Not to mention, since I am leaving, my clients want to see me more than normal. My friends and family want to see me more often. Everything requires more energy - more you.
It can make it a little difficult to wake up in the morning when I know there’s so much to get through and I’m going to be left feeling tired. Even the things I enjoy can feel draining. This is natural when my energy reserves are so low.
Which is why I’m so excited for when you get diverted back to normal things! When I can wake up with the enthusiasm to write essays and see where the day takes me.
There is barely any time to see where the day takes me now. There is so much to do or that I could be doing in preparation for moving that it doesn’t hold the same freeness. It’s hard to hold the freedom of possibilities when so many “shoulds” are looming over me.
You know very well that the shoulds require a lot of you too. It takes a lot of effort to keep track of the ever-growing list of to-dos.
I’m excited for when we are finally on the other side of the country, settled in, and wake up to a day with little to no plans. Can you imagine? Actually, all you need to do is remember. Our life is normally like this, but these changing times shifted that away from us.
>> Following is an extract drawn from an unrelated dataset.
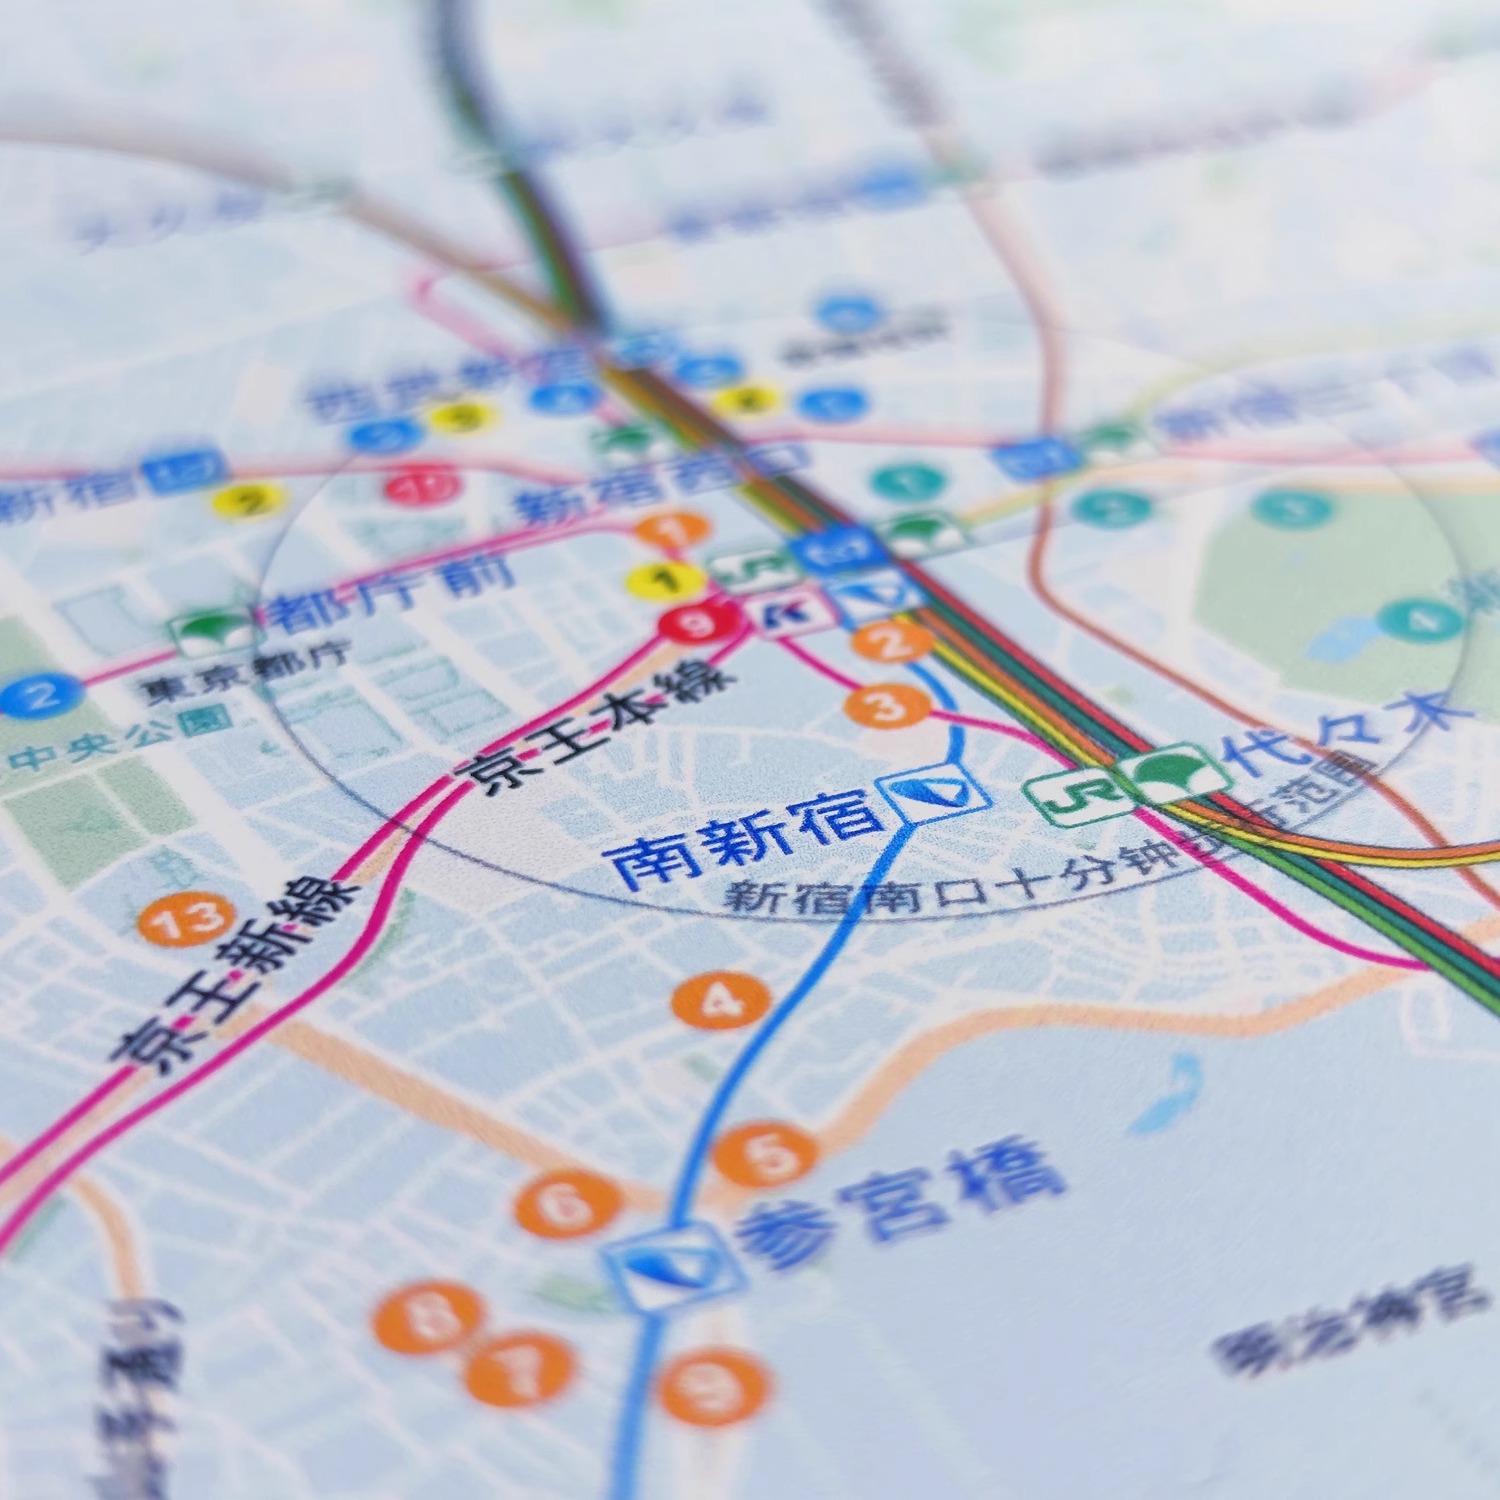 东京圣地巡礼指南图大尺寸日本旅游打卡取景地周边精美收藏地图 - 图0

It’s necessary, I get it. It’s hard to not feel a little bitter though. It’s hard to enjoy or appreciate this period as I did others.
Maybe if you showed up in stronger force I could at least feel better as I move through all of this?
Is there anything I can do to encourage you to show up more? Or are all of my efforts to create more energy just burning more of you up?
Please let me know. And soon would be nice. Otherwise, I guess time will resolve it for the both of us.